Países tendem a pensar, em um primeiro momento, nos desafios que uma estrutura etária predominantemente idosa traz à realidade econômica de uma nação. Mas problemas sociais como a lacuna intergeracional têm atraído cada vez mais a atenção de especialistas.

"Dentro desses gaps, estão faltando jovens. O país vai envelhecendo e as poucas crianças que vão nascendo acabam tendo uma interação social deficitária", afirma Ângela Gandra. "Há, nesse sentido, um crescimento pouco saudável. Chega uma hora que pesam tanto os mais velhos que a sociedade prefere que eles morram, ou os coloca no asilo, pois não há preparação social solidária pra isso".
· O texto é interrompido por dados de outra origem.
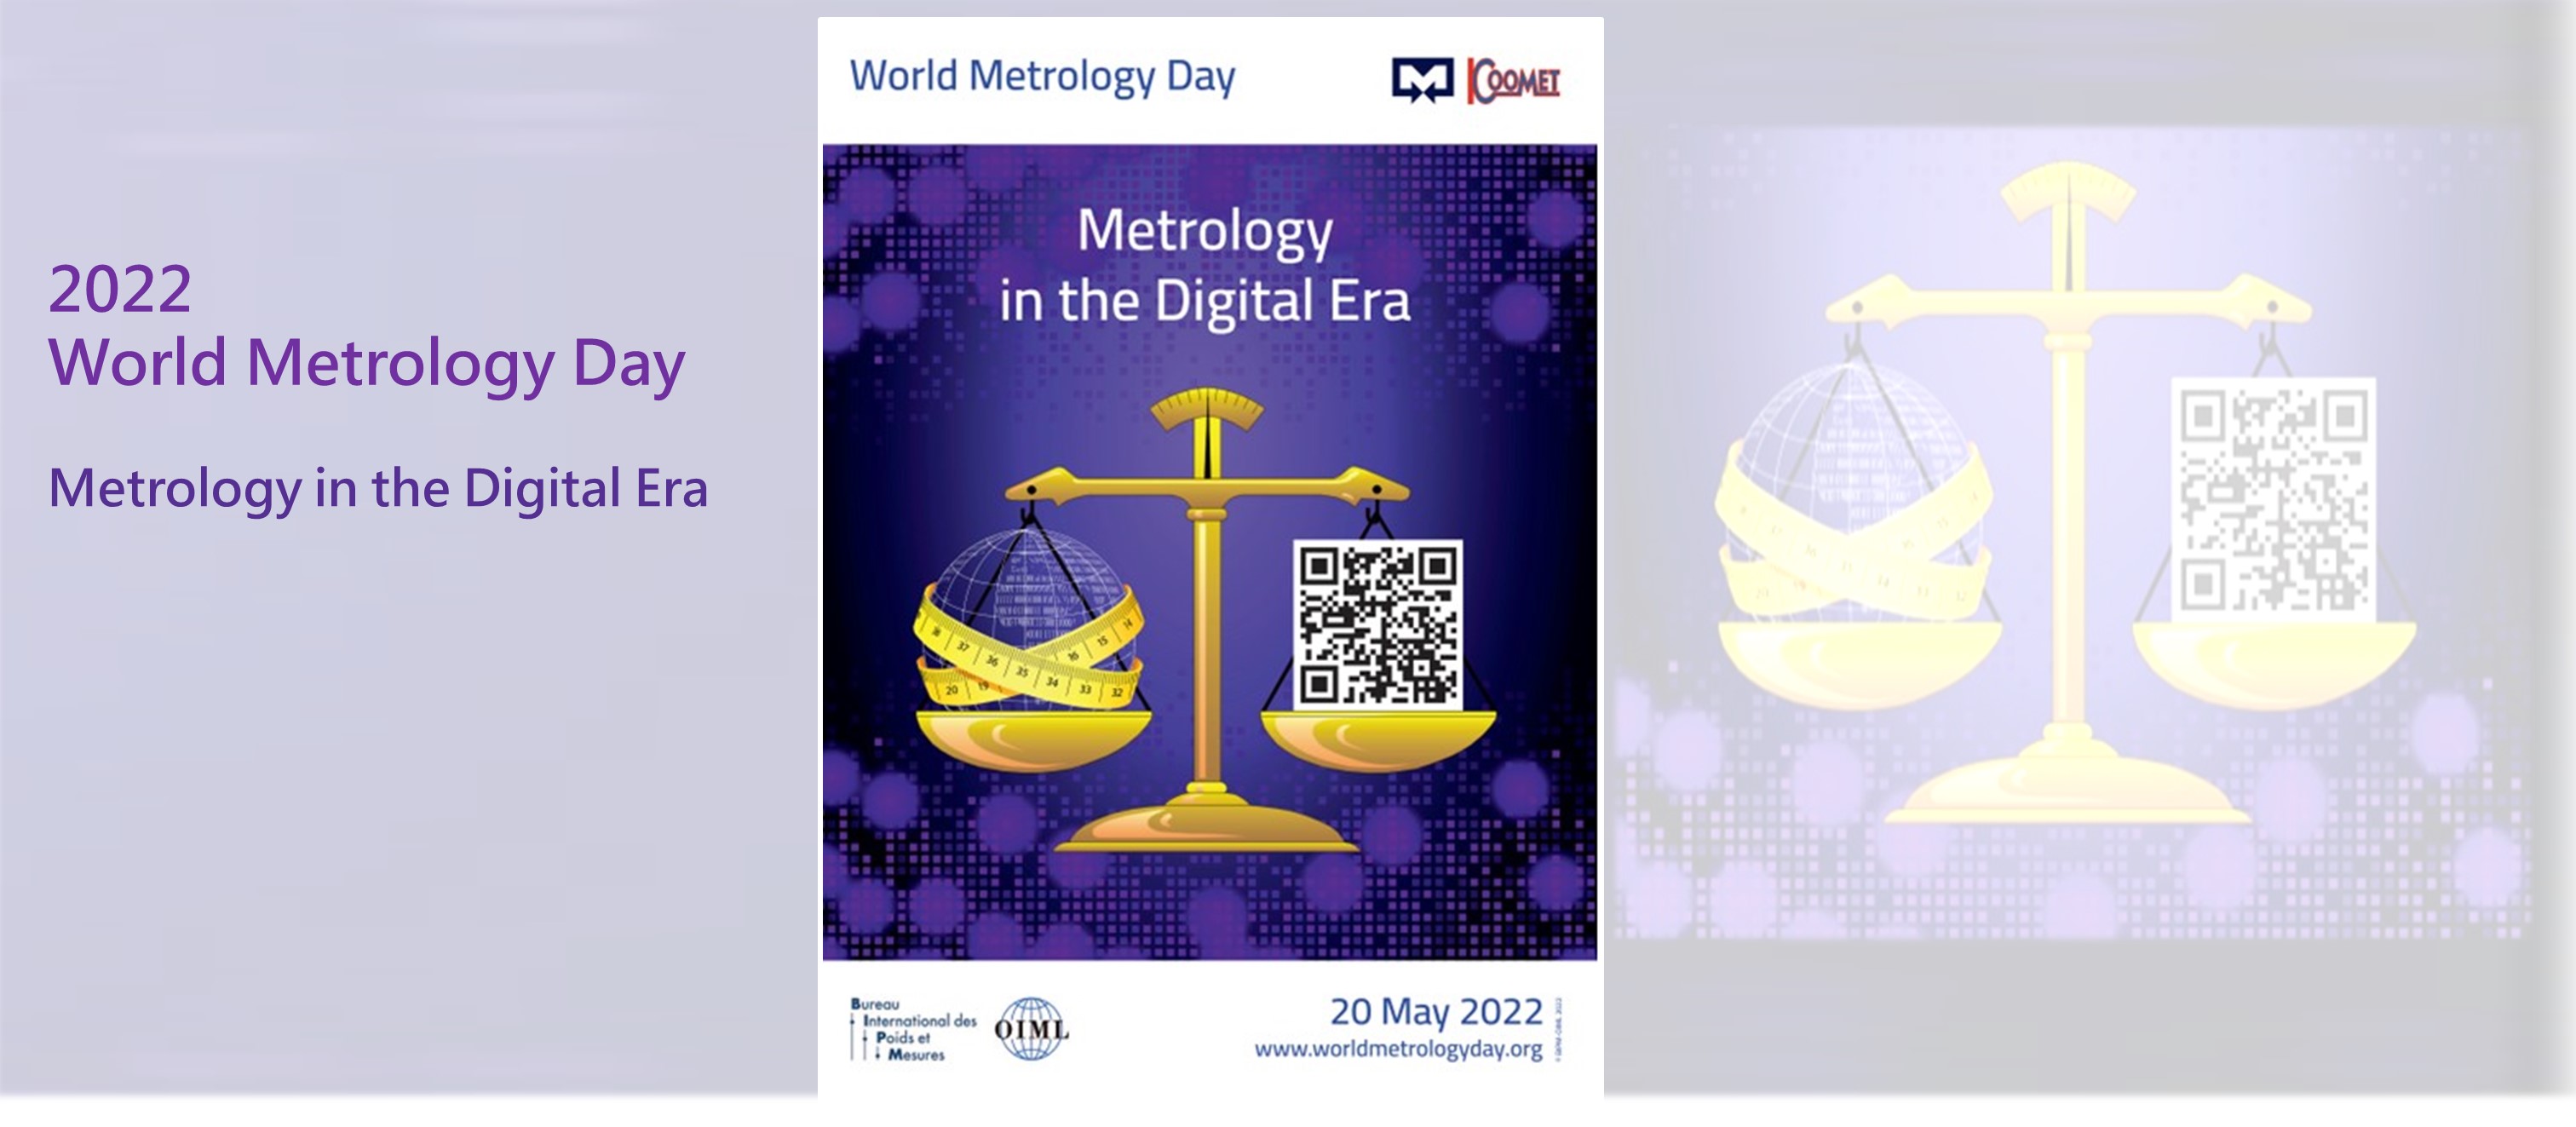 2022 World Metrology Day

Políticas solidárias adotadas por países como a Itália, cuja estrutura etária é superenvelhecida, demonstraram efeito, sobretudo, durante a pandemia. O país apostou em facilitar a moradia de jovens em condomínios desde que eles promovam interação intergeracional com idosos que residem no local.

"Uma grande lição desses tempos é que, como já estava sendo anunciado nos países do primeiro mundo, negligenciar as tarefas de cuidar da família inclui pessoas que nos deram tudo o que temos. É necessário recuperar o vínculo intergeracional e encontrar maneiras práticas de demonstrar que toda a vida humana é igualmente importante", lembra Socias.

Meio ambiente e migração

Políticas mais liberais de migração também são apontadas como uma das chaves para lidar com o declínio populacional iminente. No relatório, os pesquisadores de Washington afirmam que países que adotarem medidas dessa natureza devem conseguir manter sua força de trabalho.
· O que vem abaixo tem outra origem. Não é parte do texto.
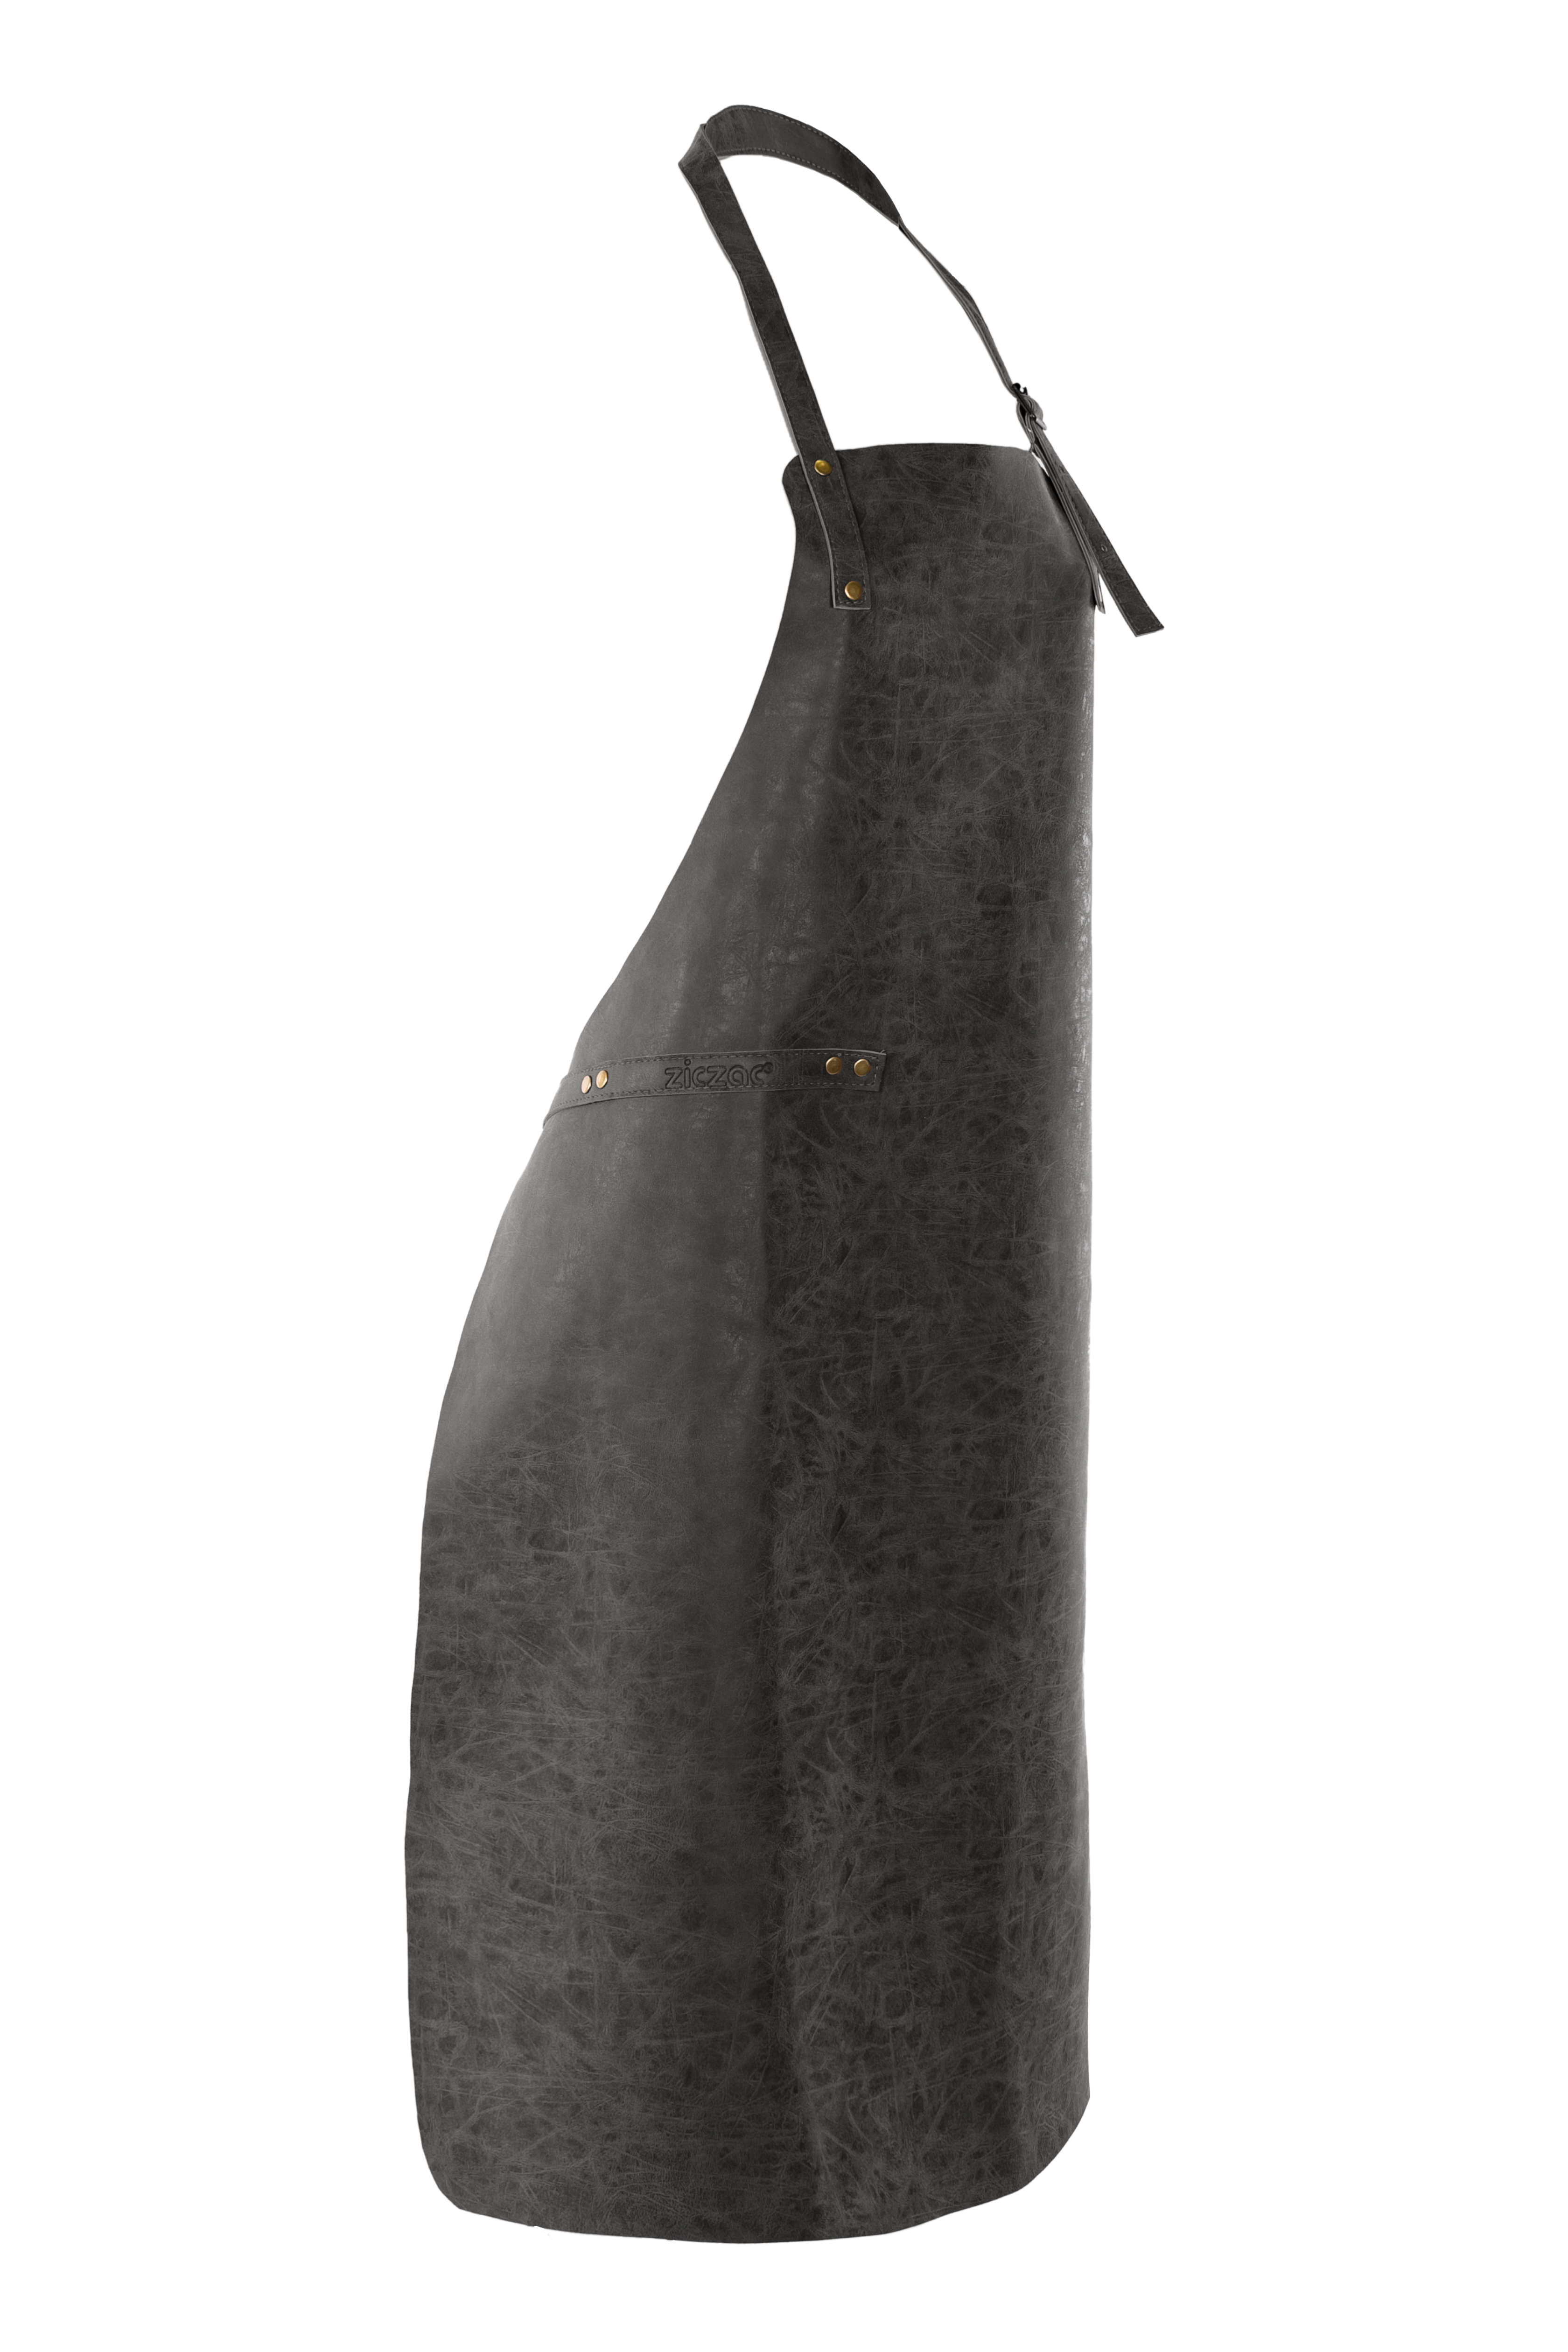 Apron TRUMAN (Towel loop - no pocket - opt. Accessory bag), 70x90 cm, black

São medidas que podem contribuir temporariamente, mas não são uma solução a longo prazo, uma vez que o declínio no número da população acabará se manifestando e outros desafios associados à migração devem surgir.

Para Ângela Gandra, "ainda que a imigração seja um direito humano, uma das vertentes que é preciso pensar é a identidade, em cultivar as tradições. A extinção de um povo por não ter filhos é falta de riqueza cultural para o mundo, de diversidade cultural".

Questões de ordem ambiental, ainda para a secretária, deveriam ser valorizadas em segundo plano. "Acredito muito mais no poder criativo de cada ser humano do que na preservação de algo que talvez ninguém vá poder usufruir. Não adianta pensarmos em um planeta do qual vamos usufruir melhor se não nos dermos bem, entre seres humanos. Grande parte da problemática do mundo é o relacionamento humano e, se não estivermos abertos às relações intergeracionais, não teremos um planeta bom", afirma.

"O 'material' está num grau do 'grau de ser' muito menor do que um ser humano - que é criativo, é racional. Se para preservar um planeta eu evito seres humanos, isso me parece realmente falta de hierarquia filosófica antropológica. Se faço isso, tiro o próprio criador da sustentabilidade, que é o ser humano. Onde encontraremos esforço para solucionar problemas humanos? Não podemos inverter nossa própria hierarquia do grau de ser, isso terá um enorme impacto social antropológico"

Nas palavras de Socias, é "egoísmo" pensar que, se formos uma população menor, viveremos em um planeta melhor. "Especialmente porque a experiência nos diz que o que realmente melhora nossa condição é usar os recursos de maneira inteligente", afirma Socias.

"É preciso rever nossos valores. A Covid-19 está nos fazendo ver o valor do ser humano, o valor de um familiar que não podemos ver, de uma vida ceifada. Vimos que, de repente, toda a riqueza que temos é encerrada dentro de casa. Essa discussão malthusiana sobre planeta me parece medo de ter que ajudar o próximo, de ser solidário. Temos que criar uma nova cultura, de celebrar a vida, a maternidade, e mais o ser humano do que bens materiais. É preciso voltar a valorizar a vida", conclui Ângela.